→ Activity
Give back only the lines in the records below from the one with "Xmas tree illustrations with snow" to the one with "[HD][SDMU-815] 石和温泉で見つけた卒業旅行中の美巨乳女子学生のお嬢さん タオル一枚", both inclusive, word for word.

+++ Source data

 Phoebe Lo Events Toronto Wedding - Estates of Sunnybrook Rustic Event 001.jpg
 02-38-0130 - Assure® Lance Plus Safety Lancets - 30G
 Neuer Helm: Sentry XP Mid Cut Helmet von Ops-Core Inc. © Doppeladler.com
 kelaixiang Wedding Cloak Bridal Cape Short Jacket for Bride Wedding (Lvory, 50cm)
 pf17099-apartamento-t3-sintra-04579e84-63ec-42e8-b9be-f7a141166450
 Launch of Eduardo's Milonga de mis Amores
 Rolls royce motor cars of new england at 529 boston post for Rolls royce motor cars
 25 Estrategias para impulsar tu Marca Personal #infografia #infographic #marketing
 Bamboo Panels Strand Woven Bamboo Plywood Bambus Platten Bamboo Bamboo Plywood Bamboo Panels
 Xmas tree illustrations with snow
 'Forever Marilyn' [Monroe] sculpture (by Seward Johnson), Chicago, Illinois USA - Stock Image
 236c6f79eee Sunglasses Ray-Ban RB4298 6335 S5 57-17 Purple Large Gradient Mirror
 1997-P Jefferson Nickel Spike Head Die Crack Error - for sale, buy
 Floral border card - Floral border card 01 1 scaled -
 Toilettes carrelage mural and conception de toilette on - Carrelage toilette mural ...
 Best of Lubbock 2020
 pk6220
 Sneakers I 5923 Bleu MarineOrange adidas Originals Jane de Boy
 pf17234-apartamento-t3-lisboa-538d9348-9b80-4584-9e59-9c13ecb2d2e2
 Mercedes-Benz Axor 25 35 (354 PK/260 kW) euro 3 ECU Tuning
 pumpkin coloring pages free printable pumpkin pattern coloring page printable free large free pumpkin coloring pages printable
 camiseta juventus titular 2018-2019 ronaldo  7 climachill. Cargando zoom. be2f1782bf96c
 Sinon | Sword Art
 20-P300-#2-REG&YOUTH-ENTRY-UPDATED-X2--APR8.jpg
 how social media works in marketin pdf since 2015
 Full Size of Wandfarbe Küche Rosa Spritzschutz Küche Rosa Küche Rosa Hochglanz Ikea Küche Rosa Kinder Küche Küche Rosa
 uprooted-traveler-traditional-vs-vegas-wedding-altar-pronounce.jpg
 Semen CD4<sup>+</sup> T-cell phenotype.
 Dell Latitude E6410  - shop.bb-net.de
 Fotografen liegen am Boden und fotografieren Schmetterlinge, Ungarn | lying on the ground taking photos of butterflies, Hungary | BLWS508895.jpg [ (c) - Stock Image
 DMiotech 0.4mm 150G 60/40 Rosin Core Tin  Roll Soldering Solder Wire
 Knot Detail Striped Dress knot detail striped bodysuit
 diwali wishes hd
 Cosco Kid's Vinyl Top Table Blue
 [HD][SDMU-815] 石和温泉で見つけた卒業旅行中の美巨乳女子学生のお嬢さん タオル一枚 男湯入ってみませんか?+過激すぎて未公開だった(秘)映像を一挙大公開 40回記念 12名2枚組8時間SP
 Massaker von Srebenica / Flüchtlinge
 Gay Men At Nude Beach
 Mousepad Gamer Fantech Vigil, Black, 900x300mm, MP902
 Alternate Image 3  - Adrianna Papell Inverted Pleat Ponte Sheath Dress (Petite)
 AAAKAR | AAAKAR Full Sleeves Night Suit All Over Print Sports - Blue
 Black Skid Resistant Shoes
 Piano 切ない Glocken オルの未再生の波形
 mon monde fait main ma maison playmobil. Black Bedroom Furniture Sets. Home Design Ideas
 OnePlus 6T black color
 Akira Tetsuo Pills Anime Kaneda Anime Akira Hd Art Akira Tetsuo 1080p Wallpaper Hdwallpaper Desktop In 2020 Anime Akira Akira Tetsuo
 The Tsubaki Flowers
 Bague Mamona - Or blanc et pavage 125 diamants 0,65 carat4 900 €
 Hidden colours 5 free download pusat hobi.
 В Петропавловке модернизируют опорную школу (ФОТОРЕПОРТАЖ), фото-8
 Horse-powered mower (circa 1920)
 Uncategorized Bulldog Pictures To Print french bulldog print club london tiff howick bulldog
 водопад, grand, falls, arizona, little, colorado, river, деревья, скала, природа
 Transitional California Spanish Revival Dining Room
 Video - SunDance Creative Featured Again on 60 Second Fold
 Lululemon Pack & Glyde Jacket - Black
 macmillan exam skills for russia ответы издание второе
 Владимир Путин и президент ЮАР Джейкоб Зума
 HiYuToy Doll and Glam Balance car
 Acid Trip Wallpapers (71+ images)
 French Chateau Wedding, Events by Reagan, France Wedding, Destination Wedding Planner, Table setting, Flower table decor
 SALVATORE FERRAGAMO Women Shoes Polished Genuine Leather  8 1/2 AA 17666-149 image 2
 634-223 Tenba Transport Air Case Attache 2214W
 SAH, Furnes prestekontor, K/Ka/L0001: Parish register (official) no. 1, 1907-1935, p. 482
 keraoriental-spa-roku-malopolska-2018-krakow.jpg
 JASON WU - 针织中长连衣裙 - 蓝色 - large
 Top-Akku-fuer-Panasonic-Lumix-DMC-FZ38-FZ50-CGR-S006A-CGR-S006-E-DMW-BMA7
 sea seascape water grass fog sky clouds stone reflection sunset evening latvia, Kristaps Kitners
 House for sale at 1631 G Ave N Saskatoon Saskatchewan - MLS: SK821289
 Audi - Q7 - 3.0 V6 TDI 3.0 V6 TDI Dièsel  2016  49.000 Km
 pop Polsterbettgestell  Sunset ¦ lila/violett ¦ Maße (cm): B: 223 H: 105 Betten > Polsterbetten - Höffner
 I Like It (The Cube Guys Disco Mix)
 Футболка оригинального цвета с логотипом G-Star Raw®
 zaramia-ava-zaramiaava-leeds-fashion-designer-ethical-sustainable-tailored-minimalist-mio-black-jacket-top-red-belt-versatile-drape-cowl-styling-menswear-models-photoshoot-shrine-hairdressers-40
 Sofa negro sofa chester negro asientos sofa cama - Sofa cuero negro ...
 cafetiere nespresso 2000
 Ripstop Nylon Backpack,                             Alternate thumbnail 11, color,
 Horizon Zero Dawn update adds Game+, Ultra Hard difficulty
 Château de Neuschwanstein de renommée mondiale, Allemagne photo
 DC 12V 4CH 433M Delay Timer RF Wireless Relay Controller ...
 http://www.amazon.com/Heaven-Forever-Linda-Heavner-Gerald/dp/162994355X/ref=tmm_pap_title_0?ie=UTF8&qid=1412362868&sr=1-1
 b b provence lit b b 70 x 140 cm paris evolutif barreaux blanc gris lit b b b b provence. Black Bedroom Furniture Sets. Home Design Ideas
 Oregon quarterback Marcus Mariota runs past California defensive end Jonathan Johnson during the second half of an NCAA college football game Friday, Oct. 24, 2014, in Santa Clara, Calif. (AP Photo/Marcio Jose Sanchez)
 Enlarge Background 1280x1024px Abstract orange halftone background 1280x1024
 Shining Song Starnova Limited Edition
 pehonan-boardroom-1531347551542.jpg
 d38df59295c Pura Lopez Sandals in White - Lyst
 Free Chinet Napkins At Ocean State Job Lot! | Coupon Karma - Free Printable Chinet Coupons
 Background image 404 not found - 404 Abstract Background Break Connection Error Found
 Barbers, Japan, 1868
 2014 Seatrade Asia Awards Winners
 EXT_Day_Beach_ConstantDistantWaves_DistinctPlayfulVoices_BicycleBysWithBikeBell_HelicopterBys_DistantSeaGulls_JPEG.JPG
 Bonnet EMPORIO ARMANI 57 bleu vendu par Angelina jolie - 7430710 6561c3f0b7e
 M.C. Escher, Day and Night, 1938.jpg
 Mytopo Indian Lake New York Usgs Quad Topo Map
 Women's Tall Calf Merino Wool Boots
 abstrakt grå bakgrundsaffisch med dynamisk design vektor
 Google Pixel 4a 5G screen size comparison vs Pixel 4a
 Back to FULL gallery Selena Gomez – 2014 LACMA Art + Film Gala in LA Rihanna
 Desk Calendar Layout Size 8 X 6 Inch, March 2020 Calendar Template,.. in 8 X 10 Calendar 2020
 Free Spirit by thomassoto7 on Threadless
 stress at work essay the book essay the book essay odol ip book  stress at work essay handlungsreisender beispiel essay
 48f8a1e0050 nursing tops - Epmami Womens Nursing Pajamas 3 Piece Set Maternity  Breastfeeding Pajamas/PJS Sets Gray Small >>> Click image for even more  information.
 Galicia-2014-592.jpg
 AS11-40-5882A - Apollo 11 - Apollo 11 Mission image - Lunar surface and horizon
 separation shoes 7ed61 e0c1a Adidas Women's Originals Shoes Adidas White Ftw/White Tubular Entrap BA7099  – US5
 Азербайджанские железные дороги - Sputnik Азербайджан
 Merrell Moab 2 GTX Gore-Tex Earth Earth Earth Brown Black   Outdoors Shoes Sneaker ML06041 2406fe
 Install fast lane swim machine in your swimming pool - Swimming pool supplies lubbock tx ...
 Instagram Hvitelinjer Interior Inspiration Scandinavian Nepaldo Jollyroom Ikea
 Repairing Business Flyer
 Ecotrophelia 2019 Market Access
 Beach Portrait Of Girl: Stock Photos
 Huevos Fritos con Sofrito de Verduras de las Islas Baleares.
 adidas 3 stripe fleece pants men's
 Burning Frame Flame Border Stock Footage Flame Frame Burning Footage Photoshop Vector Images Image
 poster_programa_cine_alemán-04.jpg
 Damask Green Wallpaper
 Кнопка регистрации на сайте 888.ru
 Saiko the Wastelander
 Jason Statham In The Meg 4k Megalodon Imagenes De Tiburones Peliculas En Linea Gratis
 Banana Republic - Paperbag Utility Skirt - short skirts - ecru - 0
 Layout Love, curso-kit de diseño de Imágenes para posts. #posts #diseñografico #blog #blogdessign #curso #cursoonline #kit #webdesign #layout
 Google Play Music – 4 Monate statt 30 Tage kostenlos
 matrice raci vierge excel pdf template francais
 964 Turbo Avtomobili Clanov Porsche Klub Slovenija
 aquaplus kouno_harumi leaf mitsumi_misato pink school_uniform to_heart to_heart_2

++++++

→ Answer for this exercise
 Xmas tree illustrations with snow
 'Forever Marilyn' [Monroe] sculpture (by Seward Johnson), Chicago, Illinois USA - Stock Image
 236c6f79eee Sunglasses Ray-Ban RB4298 6335 S5 57-17 Purple Large Gradient Mirror
 1997-P Jefferson Nickel Spike Head Die Crack Error - for sale, buy
 Floral border card - Floral border card 01 1 scaled -
 Toilettes carrelage mural and conception de toilette on - Carrelage toilette mural ...
 Best of Lubbock 2020
 pk6220
 Sneakers I 5923 Bleu MarineOrange adidas Originals Jane de Boy
 pf17234-apartamento-t3-lisboa-538d9348-9b80-4584-9e59-9c13ecb2d2e2
 Mercedes-Benz Axor 25 35 (354 PK/260 kW) euro 3 ECU Tuning
 pumpkin coloring pages free printable pumpkin pattern coloring page printable free large free pumpkin coloring pages printable
 camiseta juventus titular 2018-2019 ronaldo  7 climachill. Cargando zoom. be2f1782bf96c
 Sinon | Sword Art
 20-P300-#2-REG&YOUTH-ENTRY-UPDATED-X2--APR8.jpg
 how social media works in marketin pdf since 2015
 Full Size of Wandfarbe Küche Rosa Spritzschutz Küche Rosa Küche Rosa Hochglanz Ikea Küche Rosa Kinder Küche Küche Rosa
 uprooted-traveler-traditional-vs-vegas-wedding-altar-pronounce.jpg
 Semen CD4<sup>+</sup> T-cell phenotype.
 Dell Latitude E6410  - shop.bb-net.de
 Fotografen liegen am Boden und fotografieren Schmetterlinge, Ungarn | lying on the ground taking photos of butterflies, Hungary | BLWS508895.jpg [ (c) - Stock Image
 DMiotech 0.4mm 150G 60/40 Rosin Core Tin  Roll Soldering Solder Wire
 Knot Detail Striped Dress knot detail striped bodysuit
 diwali wishes hd
 Cosco Kid's Vinyl Top Table Blue
 [HD][SDMU-815] 石和温泉で見つけた卒業旅行中の美巨乳女子学生のお嬢さん タオル一枚 男湯入ってみませんか?+過激すぎて未公開だった(秘)映像を一挙大公開 40回記念 12名2枚組8時間SP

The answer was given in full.